* _Problem description_
Would you transcribe the listing that follows, character for character, and omit its images?

* _Records for processing_
#####
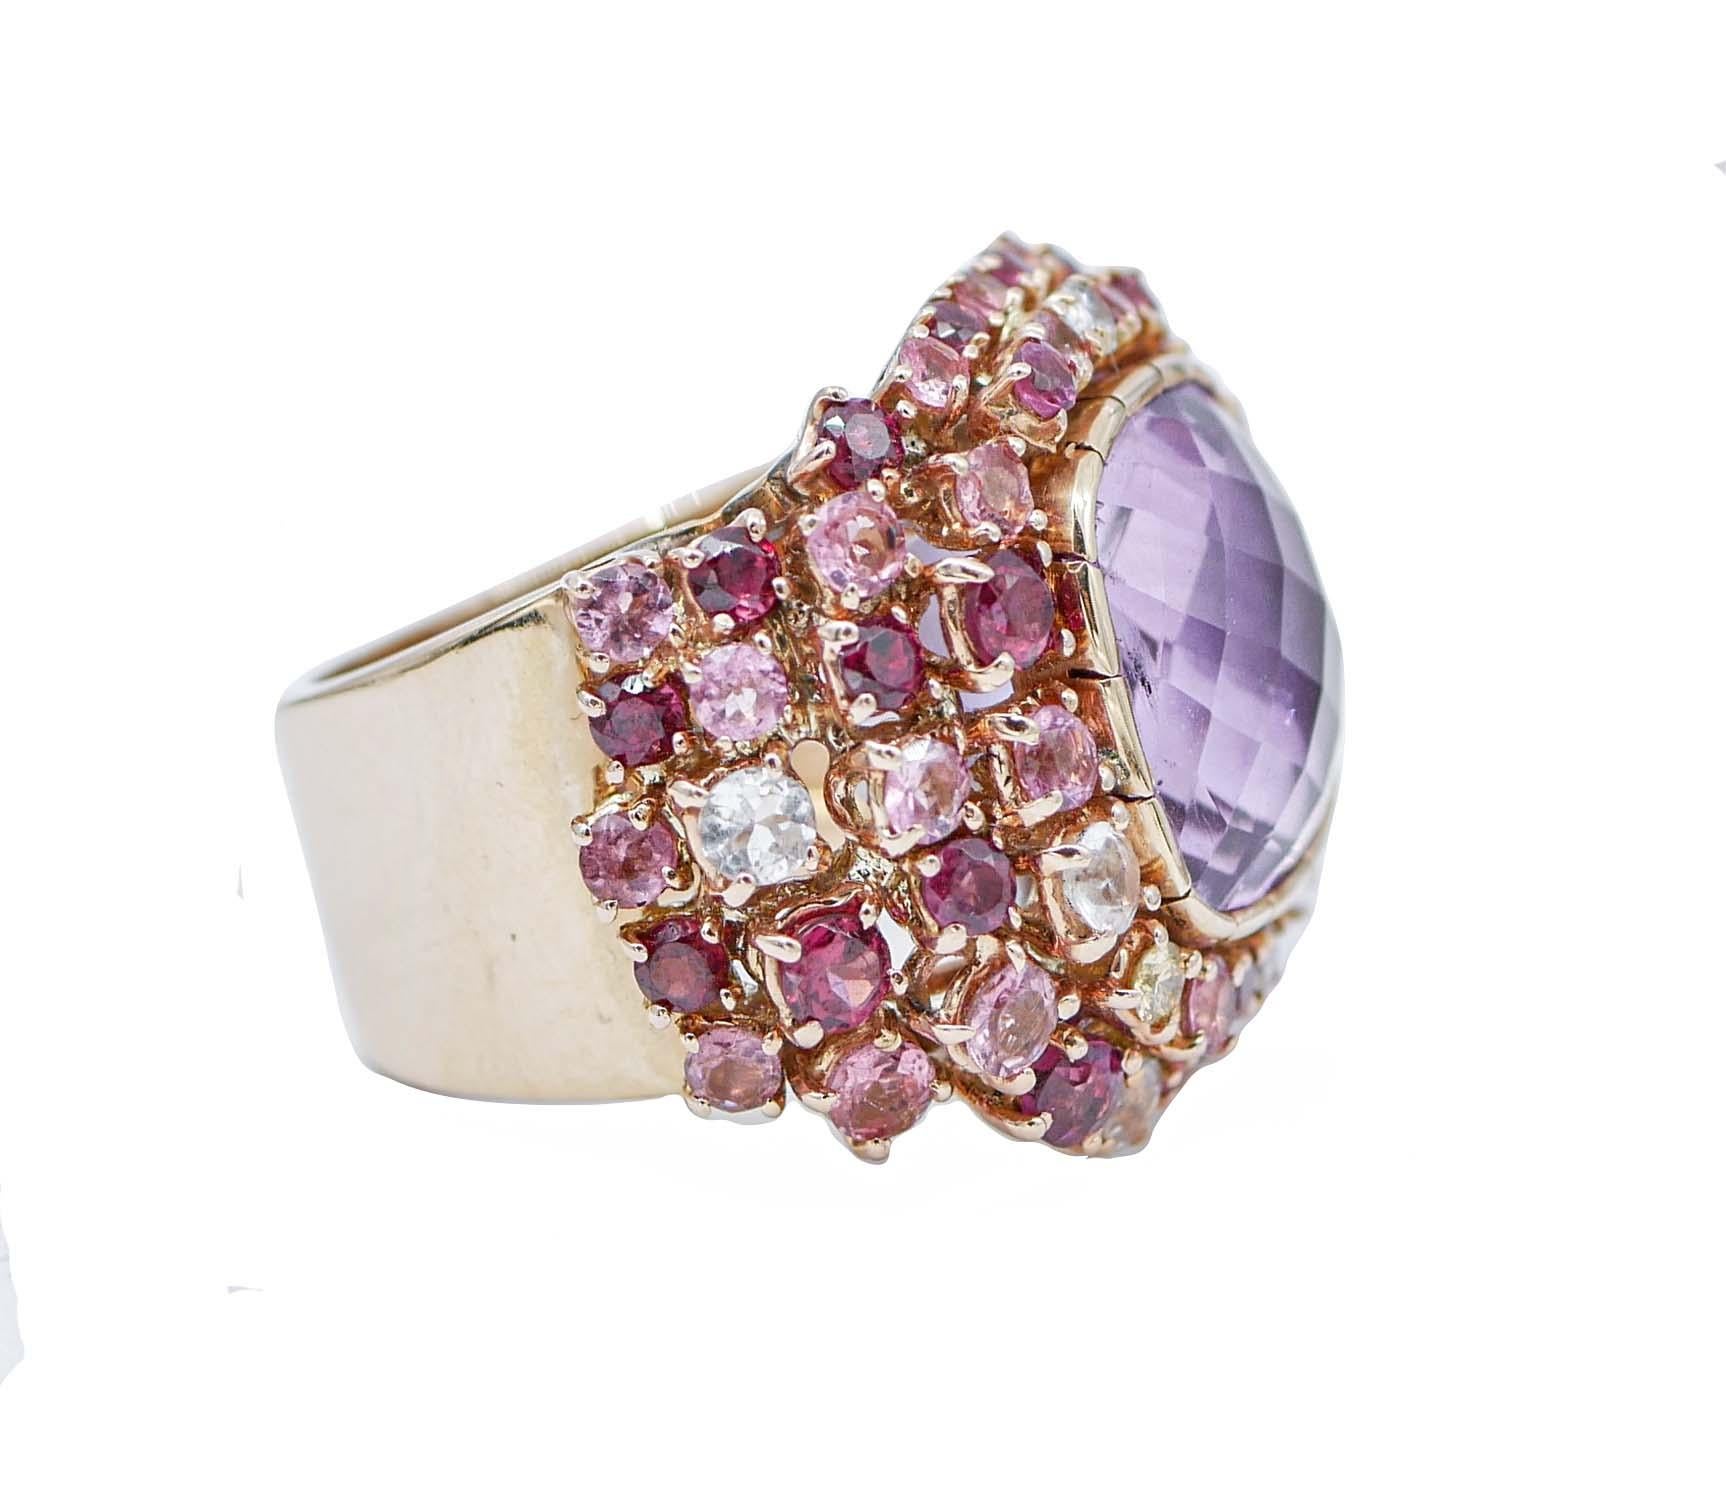 SHIPPING POLICY:
No additional costs will be added to this order.
Shipping costs will be totally covered by the seller (customs duties included).

Amazing retrò ring in 14 kt rose gold structure mounted with a central amethyst ( 15 mm x 15 mm)
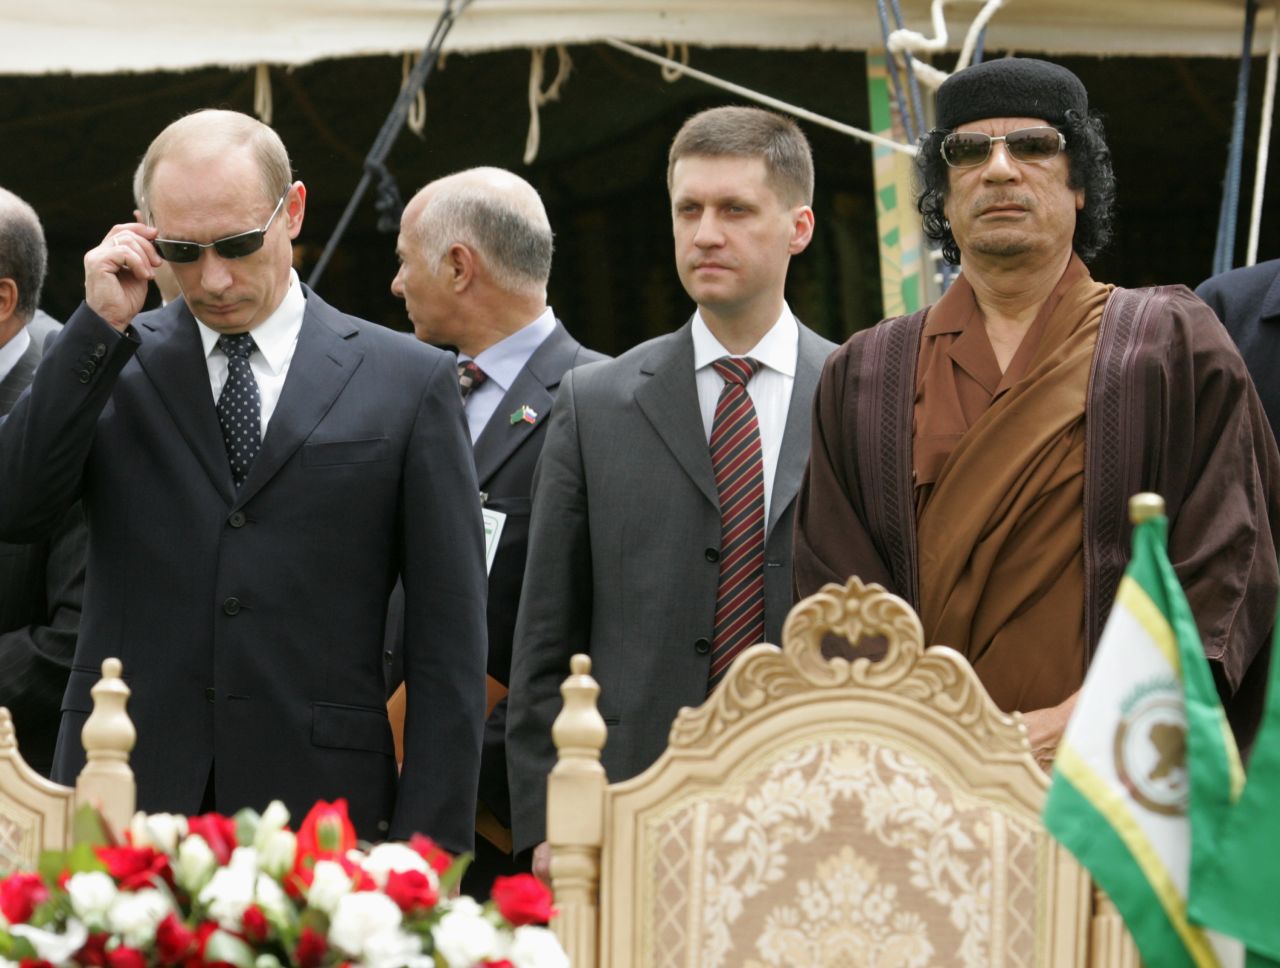 Russian President Vladimir Putin and Gadhafi sign an agreement between Russia and Libya on April 17, 2008, in Tripoli.
#####
* _Written answer_
 SHIPPING POLICY:
No additional costs will be added to this order.
Shipping costs will be totally covered by the seller (customs duties included).

Amazing retrò ring in 14 kt rose gold structure mounted with a central amethyst ( 15 mm x 15 mm)
 Russian President Vladimir Putin and Gadhafi sign an agreement between Russia and Libya on April 17, 2008, in Tripoli.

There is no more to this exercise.